In this blog, I will share a simple debugging tactic for creating “save points” during iterative remote debugging of complex multi-stage samples that execute code in heap memory at non-deterministic addresses. I’ll share two examples: one contrived, and the other a complex, modular malware sample (MD5 hash: 830a09ff05eac9a5f42897ba5176a36a) from a family that we call POISONPLUG. I will focus on IDA Pro and WinDbg, but I’ll explain how to achieve the same effect with other tools as well. With this tactic, you can also hand off program execution between multiple debuggers using the strengths of different tools (e.g. unpacking a binary, dumping memory maps, combatting anti-RE, or normal debugging).

The essence is merely suspending the malware. To set the stage, I must first explain how malware influences our debugging tactics to necessitate this. This explanation will serve as a review of common techniques that make malware debugging easier and culminate in the case study of POISONPLUG. If you’re already a seasoned analyst using IDA Pro to remotely debug malware, and you’re only interested in the bottom line of how to suspend and snapshot live malware, then skip to the Summary section at the end.

VMs and Snapshots as Save Points

To prevent malware from doing damage, most malware reverse engineers debug in an isolated VM. This gives rise to the powerful tactic of capturing VM snapshots throughout the debugging process to be able to return to a “save point” after making a mistake.

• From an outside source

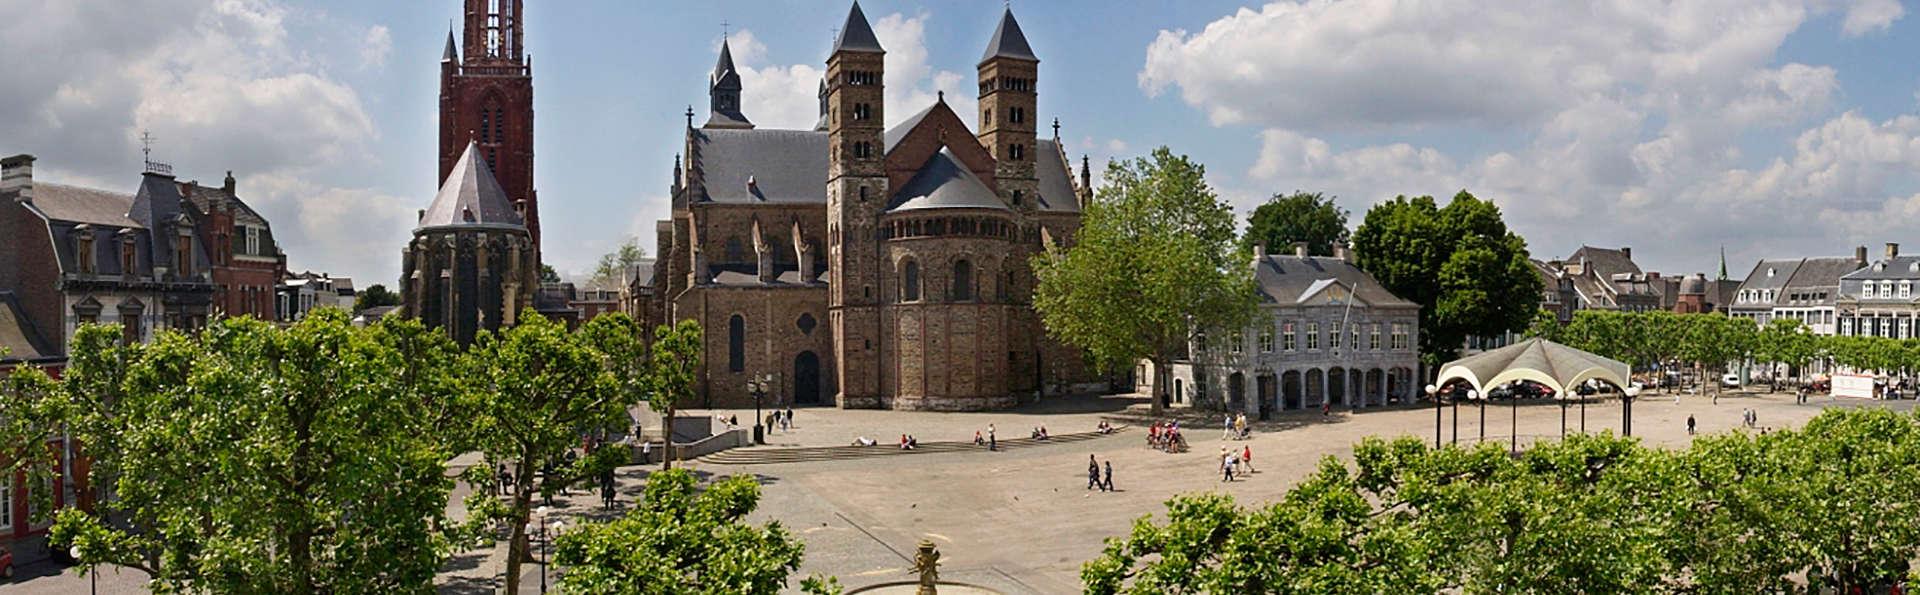 Citytrip pétillant dans la belle ville de Maastricht

The analyst is then free to be aggressively experimental about exploring malware behavior. The only consequence of an error is that the analyst must revert the VM and avoid making the same mistake again.

Remote Debugging

Debugging malware on the same system where static analysis artifacts are stored is dangerous; malware (e.g. ransomware) can destroy notes and disassembly databases, or malware anti-RE measures can inflict data loss (e.g. by rebooting). Consequently, it makes sense to use separate systems for debugging versus disassembly and note-taking. Depending on the tools used, this can force the analyst to flip back and forth between viewing disassembler output and the debugger, like a spectator at a tennis match. These transitions are distracting.

Unifying Static and Dynamic Analysis with IDA Pro as a Front-End

Fortunately, IDA Pro (and probably most modern disassemblers) can act as a debugging front-end, superimposing disassembly annotations over live memory and register state in a running program. This lets the analyst see and directly alter disassembly annotations in response to their observations, without switching back and forth.

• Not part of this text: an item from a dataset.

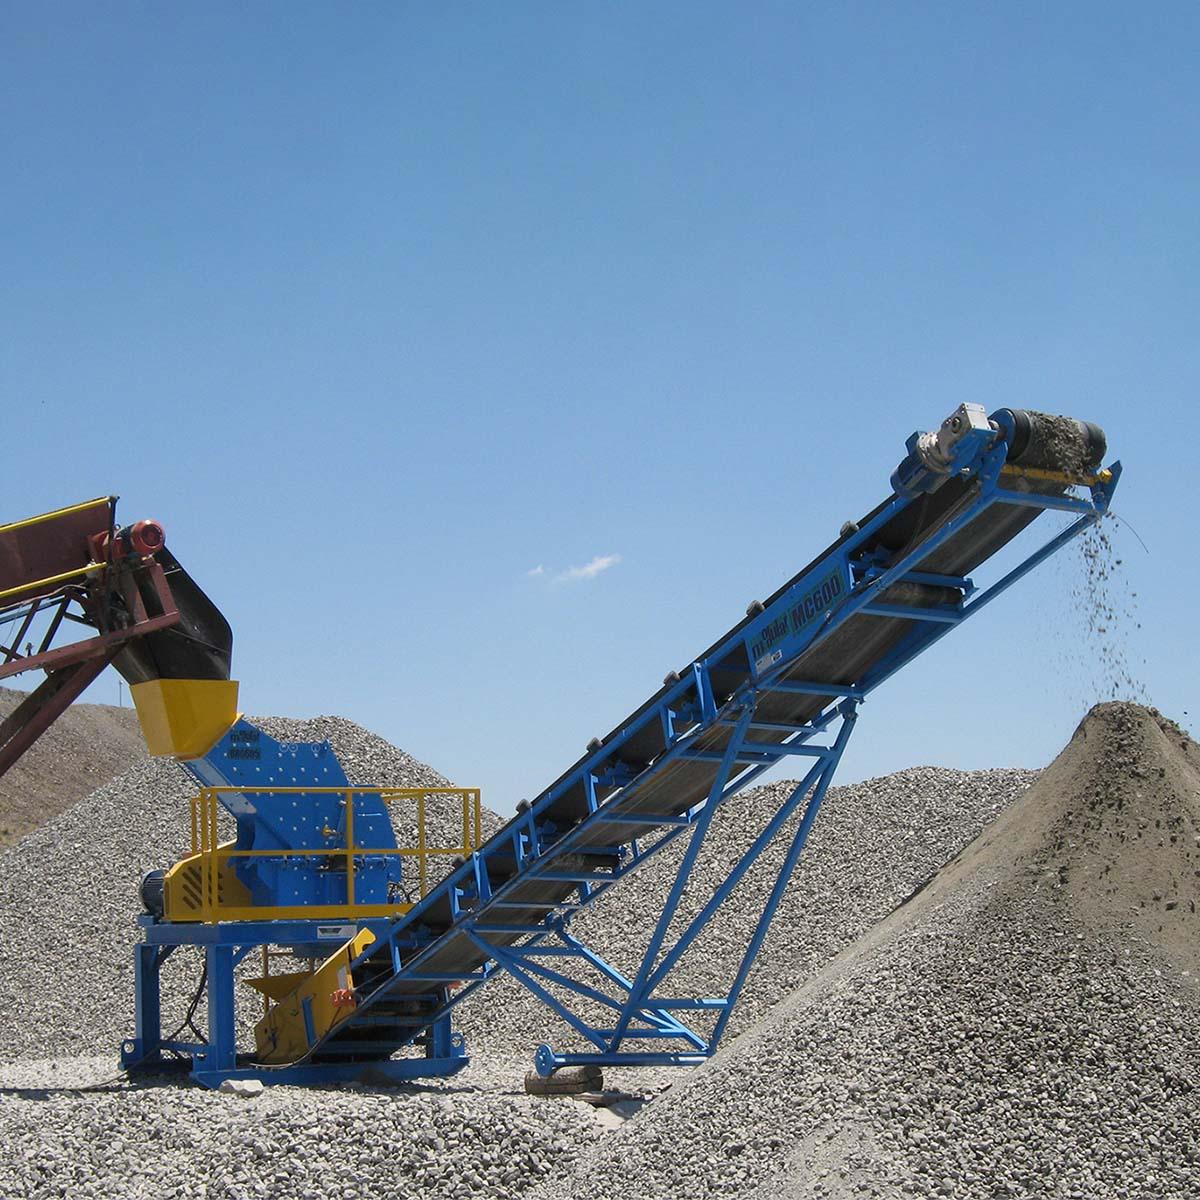 Pilot-Modular-Impact-Crusher-BR0605-Modular-Conveyor-MC600-4_Pilot-Modular-Impact-Crusher-BR0605-Modular-Conveyor-MC600-1

Malware that Modifies its Memory Map at Runtime

There is one frequent scenario that further shapes the requirements for a dynamic analysis methodology: malware that allocates heap memory, writes code to that memory, and executes that code. Consider Figure 1, which shows a simple program written in C.


Figure 1: Simple shellcode example program

The program allocates memory using malloc, copies six bytes to that location using memcpy, logically inverts each byte, calls the buffer as a function, and finally returns the shellcode’s return value (error checking omitted both for brevity and realism). Figure 2 shows the decoded shellcode in memory.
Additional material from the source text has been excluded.